Einige Demonstranten wurden mit gelben Sternen gesehen, ähnlich denen, die Juden unter den Nazis tragen mussten, mit der Aufschrift "nicht geimpft".
Andere trugen KZ-Uniformen und trugen Plakate mit der Aufschrift "Impfen macht frei", eine Anspielung auf die Aufschrift "Arbeit macht frei" am Eingang von Auschwitz.
"Ich fühle mich wie Sophie Scholl, weil ich seit Monaten im Widerstand aktiv bin", sagte eine Demonstrantin im November auf einer Kundgebung gegen die Impfverbote in Hannover, was zu breiter Verurteilung führte.
"Anhänger von Verschwörungstheorien stellen sich gerne als Opfer dar, während sie das demokratische Feld dämonisieren und delegitimieren", sagte Samuel Salzborn, der Antisemitismusbeauftragte der Stadt Berlin, gegenüber AFP.
Ein anderer Neffe von Scholl, Jörg Hartnagel, sagte deutschen Medien am Samstag, dass ihre Vereinnahmung durch die Demonstranten "ein Missbrauch ihres Namens" sei.
Er fügte hinzu, dass er "diese Versuche, die Proteste gegen Hygienevorschriften mit (Anti-Nazi-)Widerstand zu identifizieren, klar zurückweist".

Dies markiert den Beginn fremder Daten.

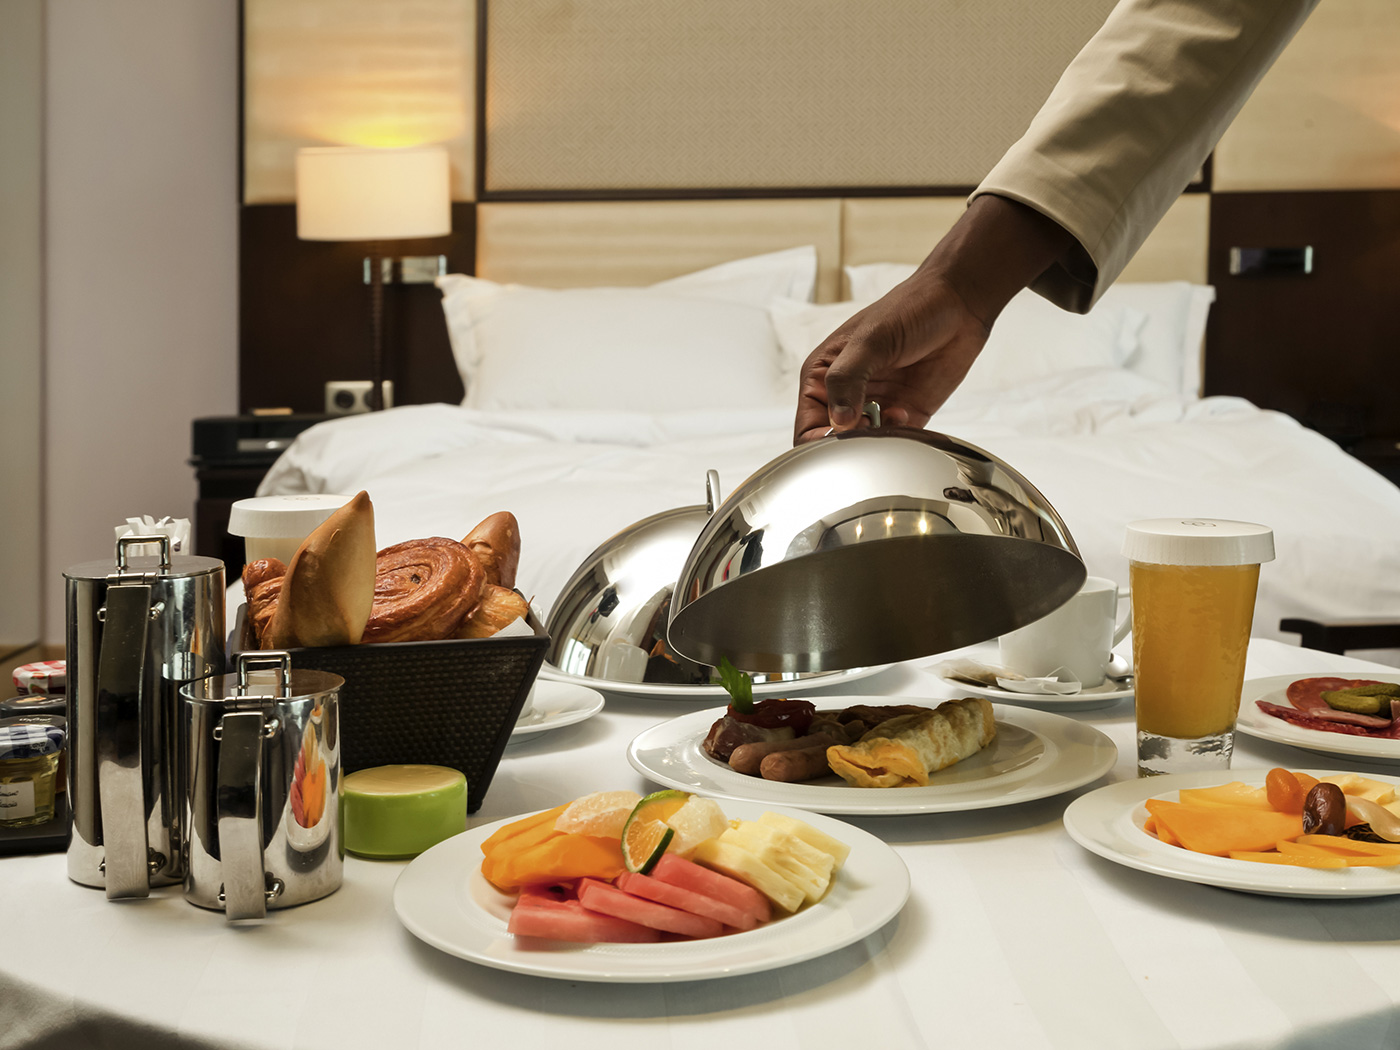 Реализация услуг питания. Завтрак в номер. Рум сервис в гостинице. Завтрак в отеле рум сервис. Завтрак в гостинице.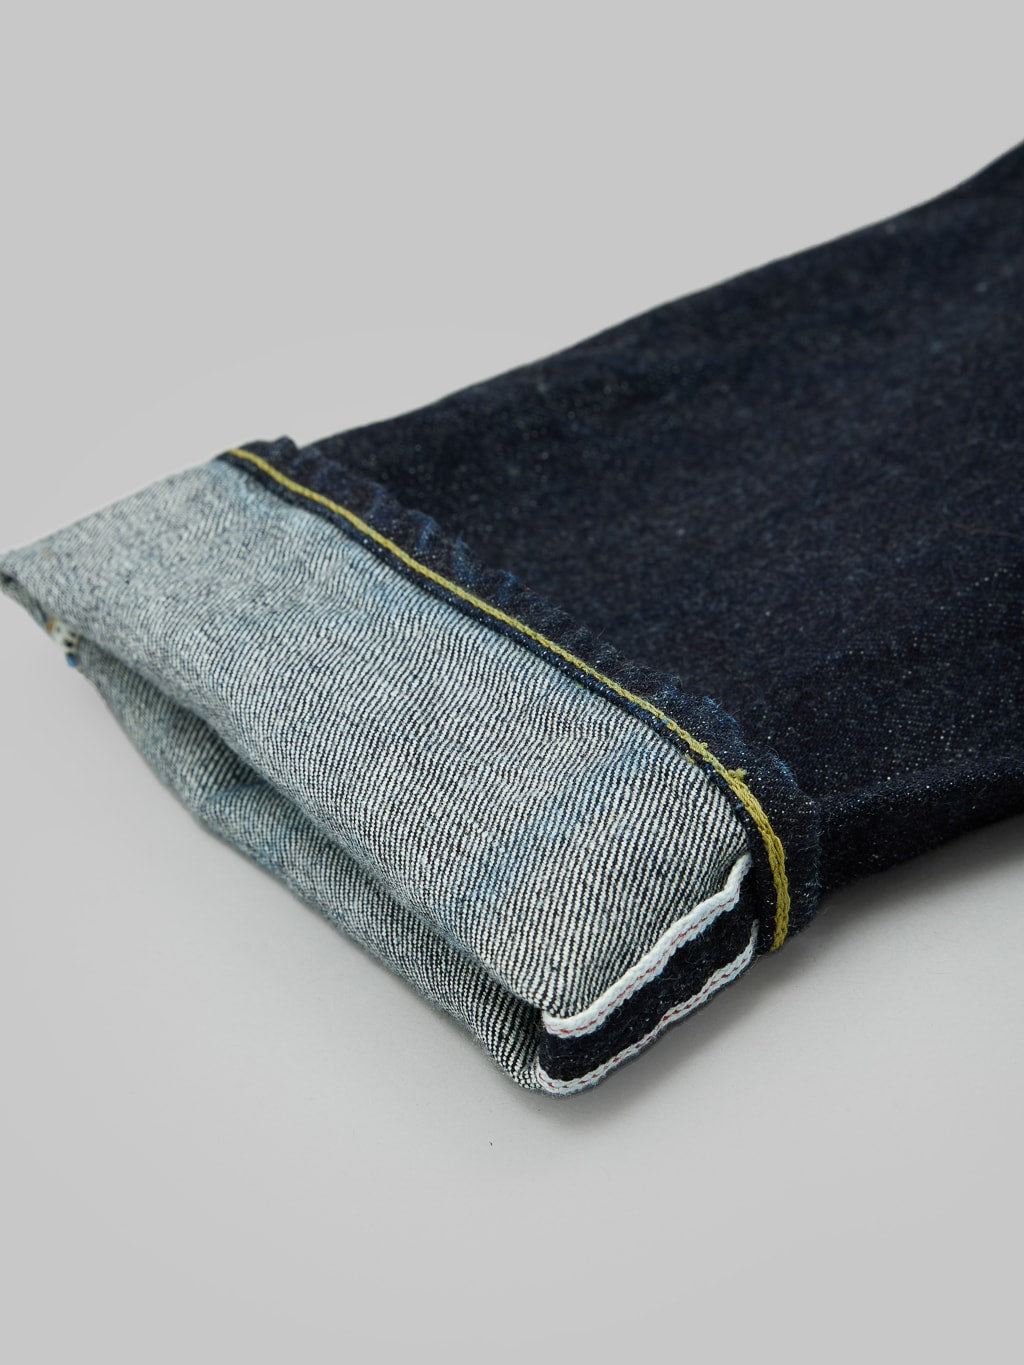 Fob factory slim straight denim jeans selvedge hem

Die Vereinnahmung Sophie Scholls durch die Anti-Masken-Bewegung zeigt nach Ansicht des auf die NS-Zeit spezialisierten deutschen Historikers Jens-Christian Wagner einen Verlust des "Geschichtsbewusstseins" in Teilen der deutschen Bevölkerung.
Es gebe "fast keine Zeitzeugen mehr" für die NS-Zeit, sagte Wagner gegenüber AFP.
"Sie können sich nicht mehr wehren, wenn sie instrumentalisiert werden oder wenn die Rechtsextremen die Geschichte und die Gegenwart durch Schuldumkehr umschreiben. Das beunruhigt mich", sagte er.
Der deutsche Inlandsgeheimdienst hat gesagt, dass er die "Querdenker"-Bewegung, eine besonders lautstarke Anti-Lockdown-Gruppe, wegen Bedenken, dass sie eine Bedrohung für die Demokratie darstellt und Verbindungen zum Rechtsextremismus hat, überwachen wird.